Romeo & Juliet star Josh O’Connor said filming the play during the pandemic helped recreate the couple’s doomed love affair.

The Crown actor and his co-star Jessie Buckley originally signed up to perform it on stage at the National Theatre but lockdown made that impossible and instead it was filmed at the empty Southbank venue.

It was filmed over three weeks with the couple only able to film “intimate” scenes for a few hours after receiving negative results from regular covid tests.

O’Connor, who played Prince Charles in the hit royal drama, said: “Actually it kind of works quite well because that’s what Romeo and Juliet had - grabbing the odd hour when their parents would turn the other way to get a snog or whatever”.

Director Simon Godwin said the physical restrictions of lockdown and social distancing made filming “more charged”, while Tamsin Greig who plays Lady Capulet said the pandemic made the idea of intimacy suddenly less “casual”.
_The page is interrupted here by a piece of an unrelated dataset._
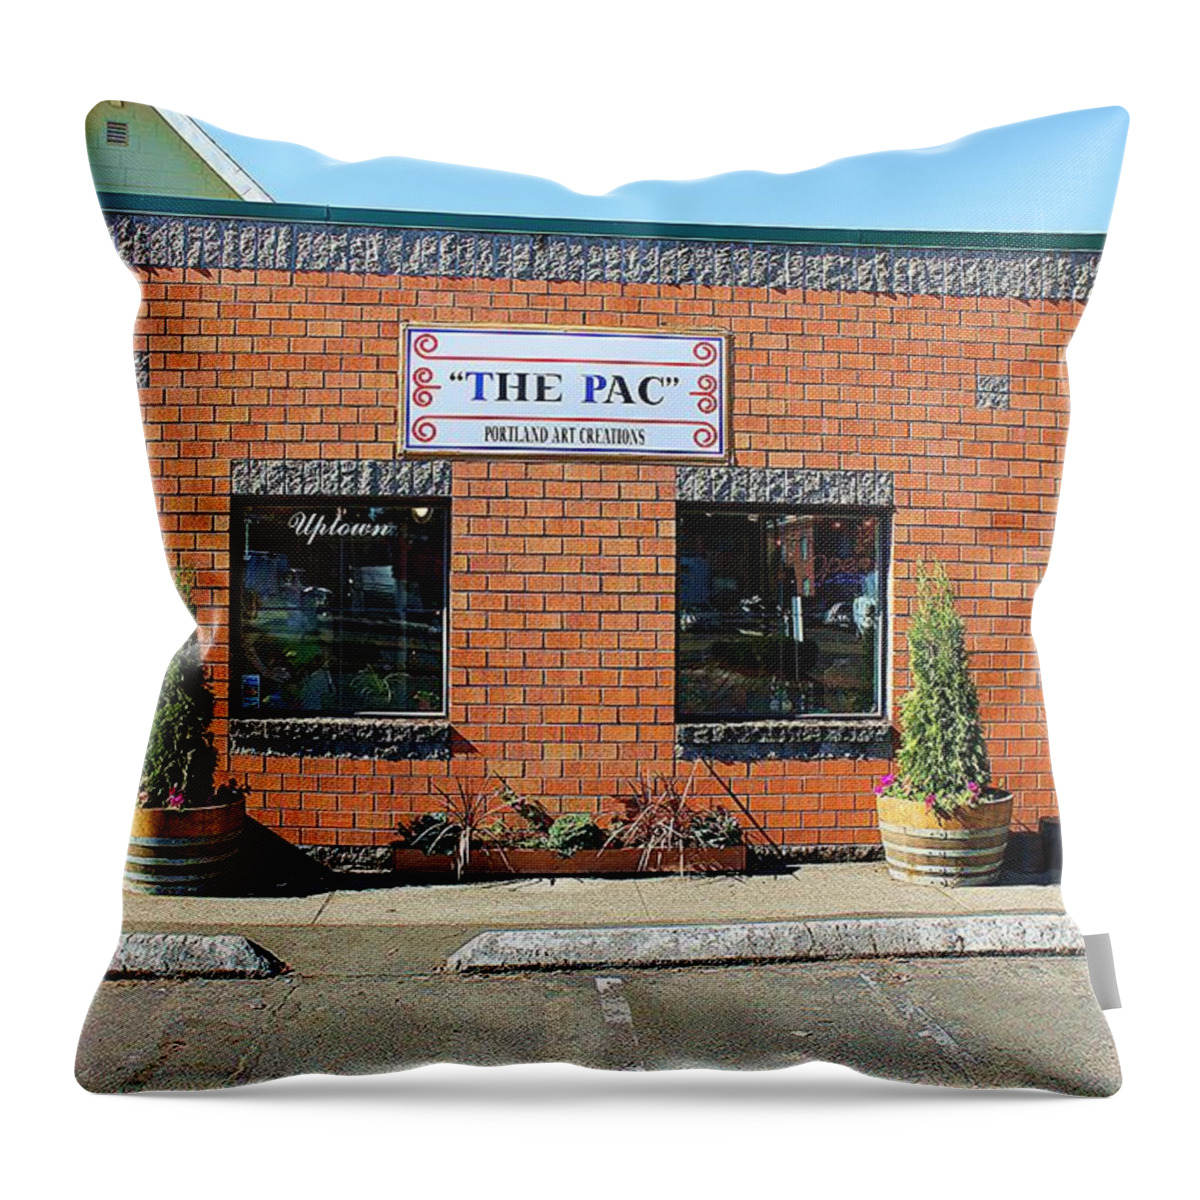  Throw Pillow featuring the painting Portland Art Creations #2 by James Dunbar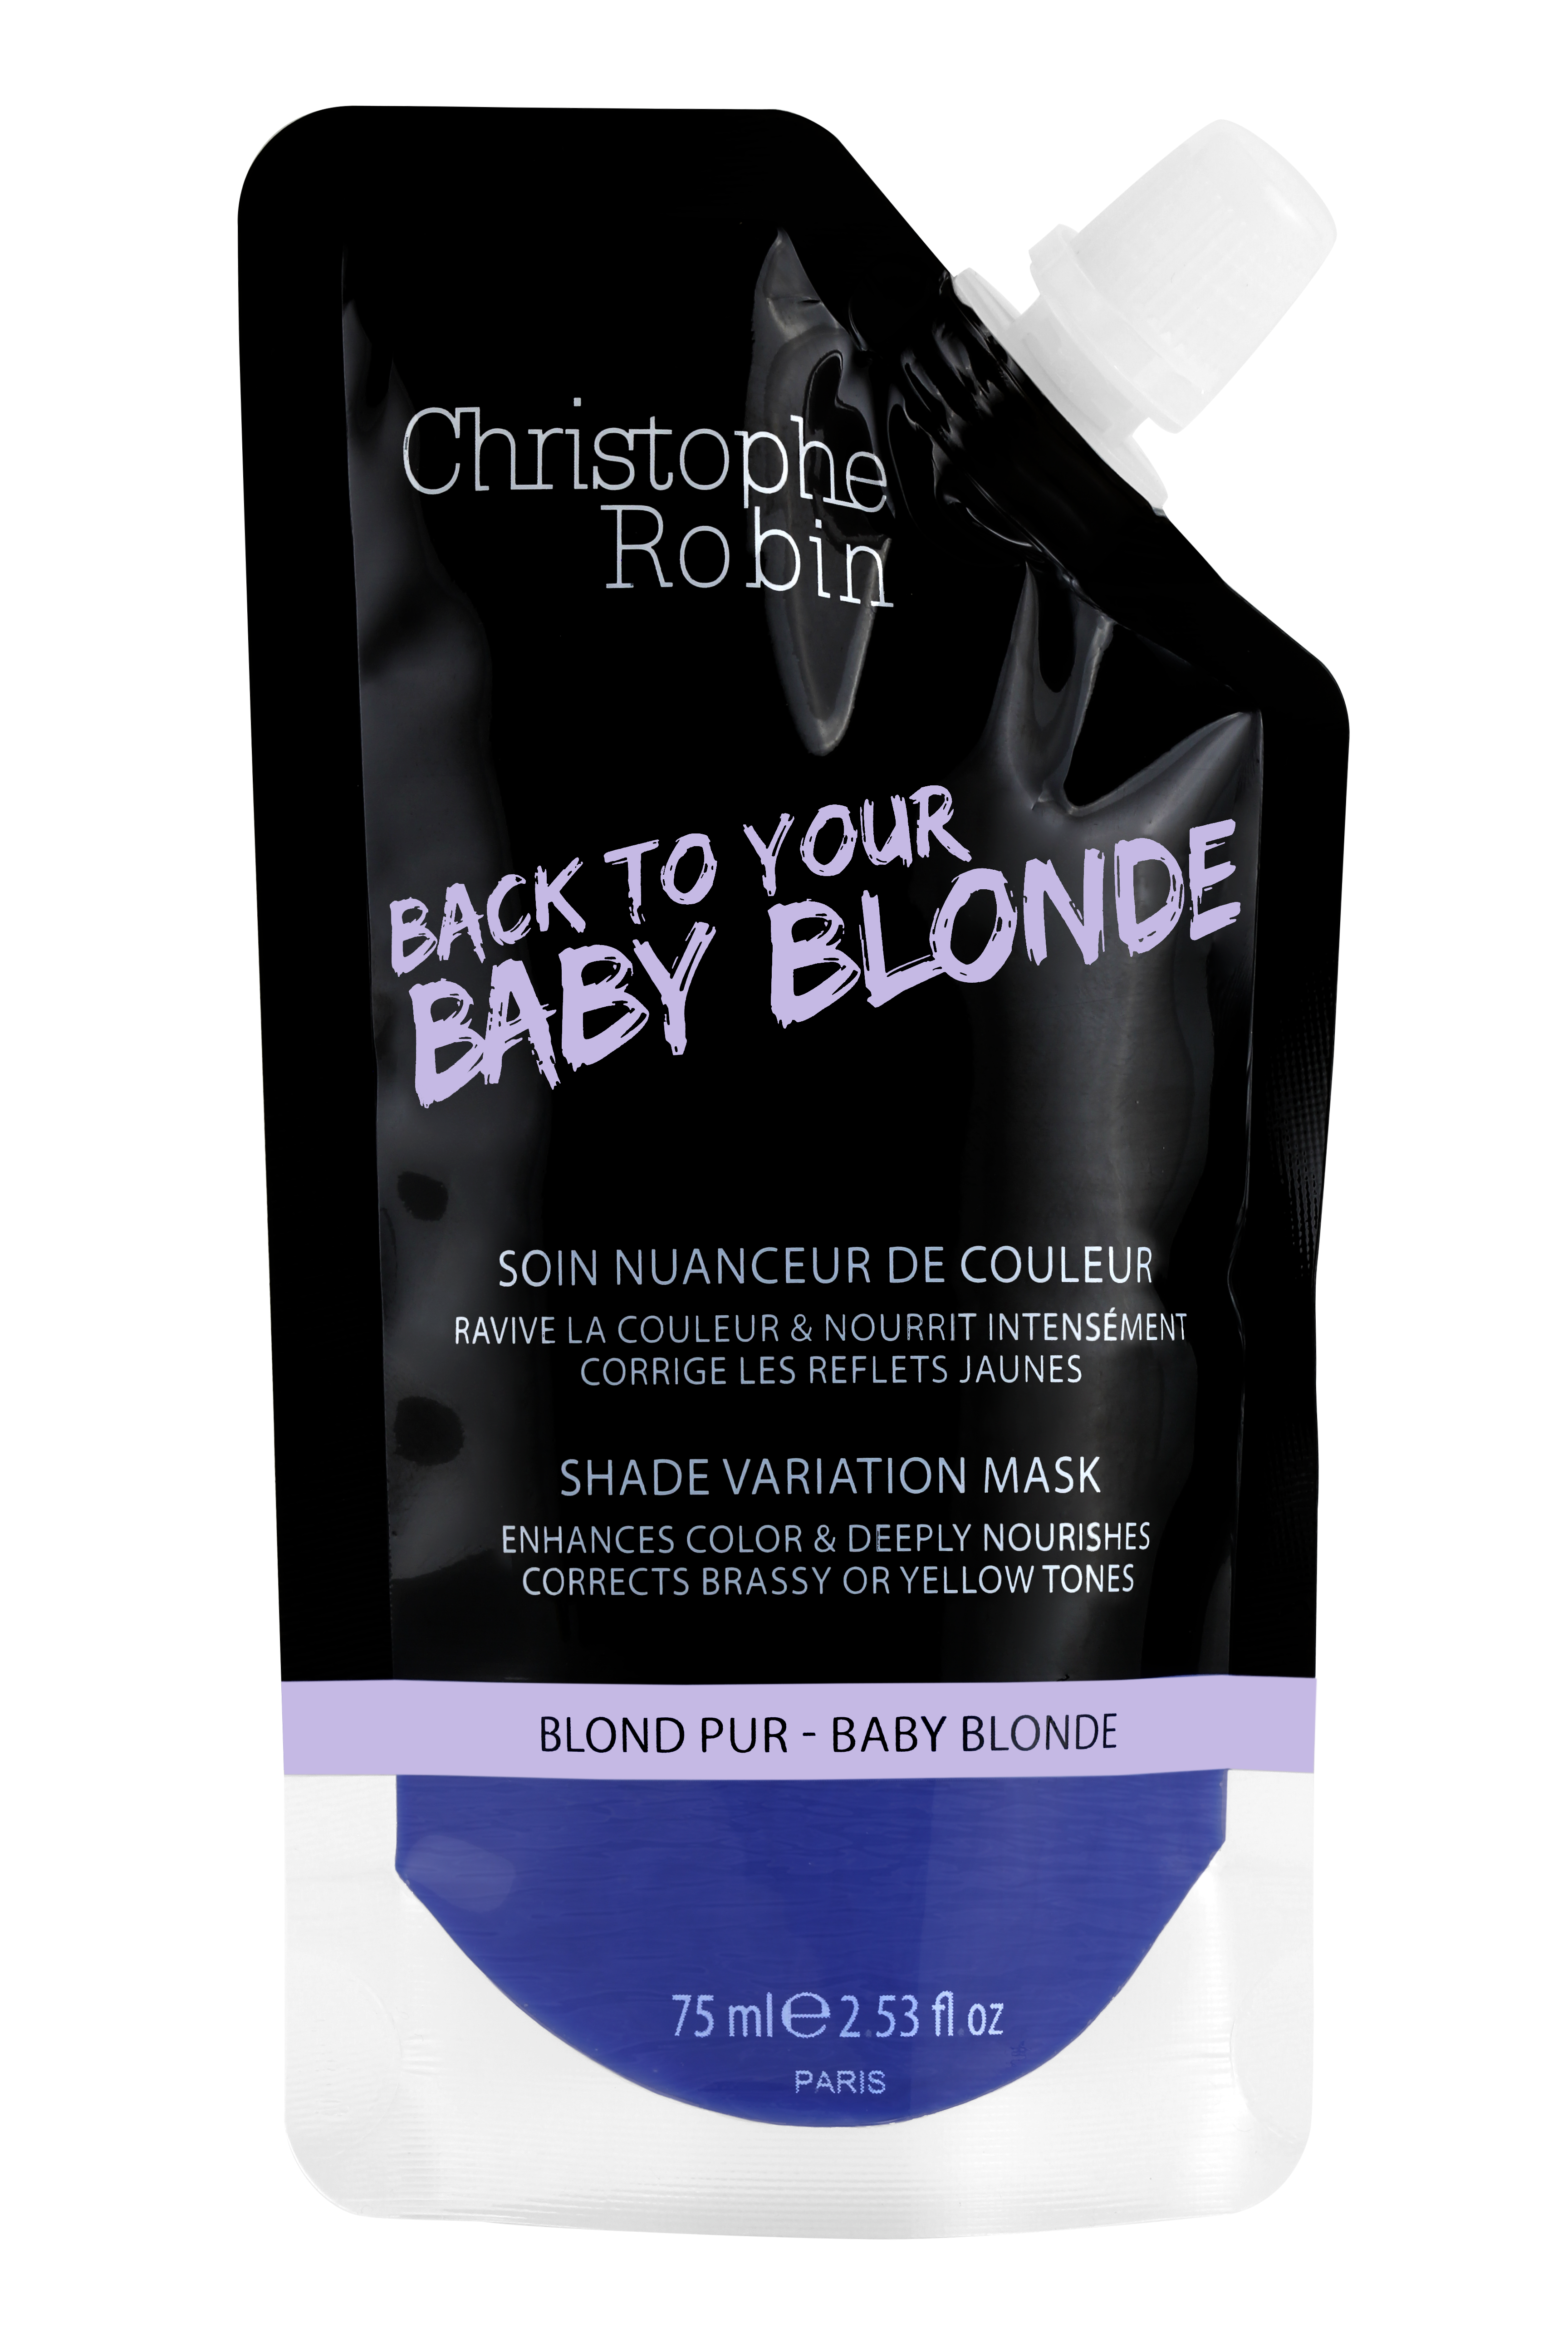 Image of Christophe Robin Back to your Baby Blond Tönung - 75ml

She said: “To actually allow somebody to kiss when there is a global pandemic it suddenly means a kiss is incredibly powerful and dangerous and could be the undoing of these people and I think it really played into what’s at the heart of the story.”

The National was one of many theatres forced to close by the pandemic only managing to briefly re-open for Death of England: Delroy before the third lockdown came in.

Buckley said it had been “a privilege” to be working in lockdown and to “put light back into a building that had otherwise been dark”.

The actress said meeting Josh and National Theatre Artistic Director Rufus Norris in the empty building had been “heartbreaking” and made her more determined to see the film through.

She said: “One day Josh and I went to the empty theatre and sat on the stage with Rufus and I genuinely felt struck that we need to put light and love back in this place, it needs to live again and have that kind of agency and the need to do that was something that I felt throughout the whole of filming.”